Records excerpted from a collection

+ + +

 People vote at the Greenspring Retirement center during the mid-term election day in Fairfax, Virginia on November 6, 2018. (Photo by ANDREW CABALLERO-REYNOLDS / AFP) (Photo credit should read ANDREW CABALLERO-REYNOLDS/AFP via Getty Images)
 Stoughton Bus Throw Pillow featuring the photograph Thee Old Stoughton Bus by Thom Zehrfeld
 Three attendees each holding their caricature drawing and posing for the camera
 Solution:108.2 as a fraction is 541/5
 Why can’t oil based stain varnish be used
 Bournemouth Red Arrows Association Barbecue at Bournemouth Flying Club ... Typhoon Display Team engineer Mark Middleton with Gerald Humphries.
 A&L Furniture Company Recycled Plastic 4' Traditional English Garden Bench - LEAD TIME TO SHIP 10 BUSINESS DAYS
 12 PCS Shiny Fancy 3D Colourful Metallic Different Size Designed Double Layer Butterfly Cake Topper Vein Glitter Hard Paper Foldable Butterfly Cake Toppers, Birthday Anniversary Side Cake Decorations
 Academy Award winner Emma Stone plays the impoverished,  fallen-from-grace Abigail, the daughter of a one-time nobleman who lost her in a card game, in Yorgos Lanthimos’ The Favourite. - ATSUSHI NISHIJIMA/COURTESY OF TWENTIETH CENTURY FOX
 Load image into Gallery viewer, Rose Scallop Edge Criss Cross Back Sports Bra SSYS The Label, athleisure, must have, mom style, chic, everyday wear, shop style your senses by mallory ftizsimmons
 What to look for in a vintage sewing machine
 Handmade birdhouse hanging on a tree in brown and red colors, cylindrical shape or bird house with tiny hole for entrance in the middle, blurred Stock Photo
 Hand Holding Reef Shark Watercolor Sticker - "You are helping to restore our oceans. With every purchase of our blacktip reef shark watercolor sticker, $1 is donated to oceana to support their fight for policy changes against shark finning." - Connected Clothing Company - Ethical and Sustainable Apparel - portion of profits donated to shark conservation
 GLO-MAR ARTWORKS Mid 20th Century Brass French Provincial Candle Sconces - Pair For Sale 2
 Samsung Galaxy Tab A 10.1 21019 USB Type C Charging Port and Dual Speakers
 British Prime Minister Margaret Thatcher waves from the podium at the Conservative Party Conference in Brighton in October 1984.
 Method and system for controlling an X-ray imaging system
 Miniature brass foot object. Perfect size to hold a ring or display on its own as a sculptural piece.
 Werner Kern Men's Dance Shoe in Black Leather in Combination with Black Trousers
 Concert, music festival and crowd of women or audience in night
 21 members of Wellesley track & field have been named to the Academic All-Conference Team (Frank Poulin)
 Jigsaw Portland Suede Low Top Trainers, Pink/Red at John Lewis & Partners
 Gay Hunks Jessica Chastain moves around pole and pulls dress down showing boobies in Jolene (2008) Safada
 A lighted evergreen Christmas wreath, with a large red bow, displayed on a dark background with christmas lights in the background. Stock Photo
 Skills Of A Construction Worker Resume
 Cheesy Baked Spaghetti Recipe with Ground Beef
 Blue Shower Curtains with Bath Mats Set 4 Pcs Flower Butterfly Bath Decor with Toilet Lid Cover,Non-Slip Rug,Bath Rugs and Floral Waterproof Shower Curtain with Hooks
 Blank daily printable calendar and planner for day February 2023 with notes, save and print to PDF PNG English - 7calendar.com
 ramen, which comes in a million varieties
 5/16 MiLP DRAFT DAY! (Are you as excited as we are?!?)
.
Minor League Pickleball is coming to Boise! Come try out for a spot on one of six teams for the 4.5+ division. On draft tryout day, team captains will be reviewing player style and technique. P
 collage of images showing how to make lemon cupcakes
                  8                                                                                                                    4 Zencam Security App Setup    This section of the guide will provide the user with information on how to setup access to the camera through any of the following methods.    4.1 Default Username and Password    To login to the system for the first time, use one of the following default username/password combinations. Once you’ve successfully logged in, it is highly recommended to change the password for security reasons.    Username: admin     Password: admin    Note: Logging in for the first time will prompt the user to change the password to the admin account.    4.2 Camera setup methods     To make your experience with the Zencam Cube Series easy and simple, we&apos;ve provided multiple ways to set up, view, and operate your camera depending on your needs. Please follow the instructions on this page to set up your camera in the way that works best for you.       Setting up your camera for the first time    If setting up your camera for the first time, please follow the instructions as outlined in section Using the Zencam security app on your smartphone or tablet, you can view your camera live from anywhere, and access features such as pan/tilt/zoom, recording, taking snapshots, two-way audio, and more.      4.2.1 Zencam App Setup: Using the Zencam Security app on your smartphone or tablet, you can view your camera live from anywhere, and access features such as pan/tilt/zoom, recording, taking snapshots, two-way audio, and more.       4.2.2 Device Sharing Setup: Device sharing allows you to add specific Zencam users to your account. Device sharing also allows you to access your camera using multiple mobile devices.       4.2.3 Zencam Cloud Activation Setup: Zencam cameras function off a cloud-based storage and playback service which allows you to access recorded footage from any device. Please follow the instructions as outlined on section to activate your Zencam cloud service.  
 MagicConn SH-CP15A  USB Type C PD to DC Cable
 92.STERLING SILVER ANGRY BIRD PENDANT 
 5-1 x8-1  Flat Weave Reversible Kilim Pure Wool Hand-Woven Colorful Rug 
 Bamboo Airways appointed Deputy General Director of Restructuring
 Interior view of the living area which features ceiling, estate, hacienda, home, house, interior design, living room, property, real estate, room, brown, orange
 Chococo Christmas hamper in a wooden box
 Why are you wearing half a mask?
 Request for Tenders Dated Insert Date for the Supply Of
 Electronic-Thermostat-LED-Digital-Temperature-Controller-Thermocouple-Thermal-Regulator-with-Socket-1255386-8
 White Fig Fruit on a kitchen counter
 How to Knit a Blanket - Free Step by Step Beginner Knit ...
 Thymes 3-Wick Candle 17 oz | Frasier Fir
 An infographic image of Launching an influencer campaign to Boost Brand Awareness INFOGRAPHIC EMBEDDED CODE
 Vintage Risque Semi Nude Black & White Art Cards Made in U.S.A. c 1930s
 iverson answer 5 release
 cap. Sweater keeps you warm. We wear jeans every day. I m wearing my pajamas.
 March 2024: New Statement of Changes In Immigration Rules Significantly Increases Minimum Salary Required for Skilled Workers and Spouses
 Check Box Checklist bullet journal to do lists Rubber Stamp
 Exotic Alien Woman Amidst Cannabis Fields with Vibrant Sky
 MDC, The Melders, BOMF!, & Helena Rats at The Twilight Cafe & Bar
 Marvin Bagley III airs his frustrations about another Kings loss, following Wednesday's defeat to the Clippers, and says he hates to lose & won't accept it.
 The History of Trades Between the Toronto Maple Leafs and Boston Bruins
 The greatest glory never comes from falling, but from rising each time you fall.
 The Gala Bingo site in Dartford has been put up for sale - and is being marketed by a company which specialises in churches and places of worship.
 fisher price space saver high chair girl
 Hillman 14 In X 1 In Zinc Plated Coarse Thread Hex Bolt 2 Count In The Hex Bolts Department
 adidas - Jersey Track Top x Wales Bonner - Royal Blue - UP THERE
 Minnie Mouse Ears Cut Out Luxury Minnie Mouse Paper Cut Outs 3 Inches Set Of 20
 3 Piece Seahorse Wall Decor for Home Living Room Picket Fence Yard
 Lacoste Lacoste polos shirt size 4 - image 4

+ + +

**THE PROBLEM**
Here, the records must be output exactly and in full.

**RESPONSE AREA**
 People vote at the Greenspring Retirement center during the mid-term election day in Fairfax, Virginia on November 6, 2018. (Photo by ANDREW CABALLERO-REYNOLDS / AFP) (Photo credit should read ANDREW CABALLERO-REYNOLDS/AFP via Getty Images)
 Stoughton Bus Throw Pillow featuring the photograph Thee Old Stoughton Bus by Thom Zehrfeld
 Three attendees each holding their caricature drawing and posing for the camera
 Solution:108.2 as a fraction is 541/5
 Why can’t oil based stain varnish be used
 Bournemouth Red Arrows Association Barbecue at Bournemouth Flying Club ... Typhoon Display Team engineer Mark Middleton with Gerald Humphries.
 A&L Furniture Company Recycled Plastic 4' Traditional English Garden Bench - LEAD TIME TO SHIP 10 BUSINESS DAYS
 12 PCS Shiny Fancy 3D Colourful Metallic Different Size Designed Double Layer Butterfly Cake Topper Vein Glitter Hard Paper Foldable Butterfly Cake Toppers, Birthday Anniversary Side Cake Decorations
 Academy Award winner Emma Stone plays the impoverished,  fallen-from-grace Abigail, the daughter of a one-time nobleman who lost her in a card game, in Yorgos Lanthimos’ The Favourite. - ATSUSHI NISHIJIMA/COURTESY OF TWENTIETH CENTURY FOX
 Load image into Gallery viewer, Rose Scallop Edge Criss Cross Back Sports Bra SSYS The Label, athleisure, must have, mom style, chic, everyday wear, shop style your senses by mallory ftizsimmons
 What to look for in a vintage sewing machine
 Handmade birdhouse hanging on a tree in brown and red colors, cylindrical shape or bird house with tiny hole for entrance in the middle, blurred Stock Photo
 Hand Holding Reef Shark Watercolor Sticker - "You are helping to restore our oceans. With every purchase of our blacktip reef shark watercolor sticker, $1 is donated to oceana to support their fight for policy changes against shark finning." - Connected Clothing Company - Ethical and Sustainable Apparel - portion of profits donated to shark conservation
 GLO-MAR ARTWORKS Mid 20th Century Brass French Provincial Candle Sconces - Pair For Sale 2
 Samsung Galaxy Tab A 10.1 21019 USB Type C Charging Port and Dual Speakers
 British Prime Minister Margaret Thatcher waves from the podium at the Conservative Party Conference in Brighton in October 1984.
 Method and system for controlling an X-ray imaging system
 Miniature brass foot object. Perfect size to hold a ring or display on its own as a sculptural piece.
 Werner Kern Men's Dance Shoe in Black Leather in Combination with Black Trousers
 Concert, music festival and crowd of women or audience in night
 21 members of Wellesley track & field have been named to the Academic All-Conference Team (Frank Poulin)
 Jigsaw Portland Suede Low Top Trainers, Pink/Red at John Lewis & Partners
 Gay Hunks Jessica Chastain moves around pole and pulls dress down showing boobies in Jolene (2008) Safada
 A lighted evergreen Christmas wreath, with a large red bow, displayed on a dark background with christmas lights in the background. Stock Photo
 Skills Of A Construction Worker Resume
 Cheesy Baked Spaghetti Recipe with Ground Beef
 Blue Shower Curtains with Bath Mats Set 4 Pcs Flower Butterfly Bath Decor with Toilet Lid Cover,Non-Slip Rug,Bath Rugs and Floral Waterproof Shower Curtain with Hooks
 Blank daily printable calendar and planner for day February 2023 with notes, save and print to PDF PNG English - 7calendar.com
 ramen, which comes in a million varieties
 5/16 MiLP DRAFT DAY! (Are you as excited as we are?!?)
.
Minor League Pickleball is coming to Boise! Come try out for a spot on one of six teams for the 4.5+ division. On draft tryout day, team captains will be reviewing player style and technique. P
 collage of images showing how to make lemon cupcakes
                  8                                                                                                                    4 Zencam Security App Setup    This section of the guide will provide the user with information on how to setup access to the camera through any of the following methods.    4.1 Default Username and Password    To login to the system for the first time, use one of the following default username/password combinations. Once you’ve successfully logged in, it is highly recommended to change the password for security reasons.    Username: admin     Password: admin    Note: Logging in for the first time will prompt the user to change the password to the admin account.    4.2 Camera setup methods     To make your experience with the Zencam Cube Series easy and simple, we&apos;ve provided multiple ways to set up, view, and operate your camera depending on your needs. Please follow the instructions on this page to set up your camera in the way that works best for you.       Setting up your camera for the first time    If setting up your camera for the first time, please follow the instructions as outlined in section Using the Zencam security app on your smartphone or tablet, you can view your camera live from anywhere, and access features such as pan/tilt/zoom, recording, taking snapshots, two-way audio, and more.      4.2.1 Zencam App Setup: Using the Zencam Security app on your smartphone or tablet, you can view your camera live from anywhere, and access features such as pan/tilt/zoom, recording, taking snapshots, two-way audio, and more.       4.2.2 Device Sharing Setup: Device sharing allows you to add specific Zencam users to your account. Device sharing also allows you to access your camera using multiple mobile devices.       4.2.3 Zencam Cloud Activation Setup: Zencam cameras function off a cloud-based storage and playback service which allows you to access recorded footage from any device. Please follow the instructions as outlined on section to activate your Zencam cloud service.  
 MagicConn SH-CP15A  USB Type C PD to DC Cable
 92.STERLING SILVER ANGRY BIRD PENDANT 
 5-1 x8-1  Flat Weave Reversible Kilim Pure Wool Hand-Woven Colorful Rug 
 Bamboo Airways appointed Deputy General Director of Restructuring
 Interior view of the living area which features ceiling, estate, hacienda, home, house, interior design, living room, property, real estate, room, brown, orange
 Chococo Christmas hamper in a wooden box
 Why are you wearing half a mask?
 Request for Tenders Dated Insert Date for the Supply Of
 Electronic-Thermostat-LED-Digital-Temperature-Controller-Thermocouple-Thermal-Regulator-with-Socket-1255386-8
 White Fig Fruit on a kitchen counter
 How to Knit a Blanket - Free Step by Step Beginner Knit ...
 Thymes 3-Wick Candle 17 oz | Frasier Fir
 An infographic image of Launching an influencer campaign to Boost Brand Awareness INFOGRAPHIC EMBEDDED CODE
 Vintage Risque Semi Nude Black & White Art Cards Made in U.S.A. c 1930s
 iverson answer 5 release
 cap. Sweater keeps you warm. We wear jeans every day. I m wearing my pajamas.
 March 2024: New Statement of Changes In Immigration Rules Significantly Increases Minimum Salary Required for Skilled Workers and Spouses
 Check Box Checklist bullet journal to do lists Rubber Stamp
 Exotic Alien Woman Amidst Cannabis Fields with Vibrant Sky
 MDC, The Melders, BOMF!, & Helena Rats at The Twilight Cafe & Bar
 Marvin Bagley III airs his frustrations about another Kings loss, following Wednesday's defeat to the Clippers, and says he hates to lose & won't accept it.
 The History of Trades Between the Toronto Maple Leafs and Boston Bruins
 The greatest glory never comes from falling, but from rising each time you fall.
 The Gala Bingo site in Dartford has been put up for sale - and is being marketed by a company which specialises in churches and places of worship.
 fisher price space saver high chair girl
 Hillman 14 In X 1 In Zinc Plated Coarse Thread Hex Bolt 2 Count In The Hex Bolts Department
 adidas - Jersey Track Top x Wales Bonner - Royal Blue - UP THERE
 Minnie Mouse Ears Cut Out Luxury Minnie Mouse Paper Cut Outs 3 Inches Set Of 20
 3 Piece Seahorse Wall Decor for Home Living Room Picket Fence Yard
 Lacoste Lacoste polos shirt size 4 - image 4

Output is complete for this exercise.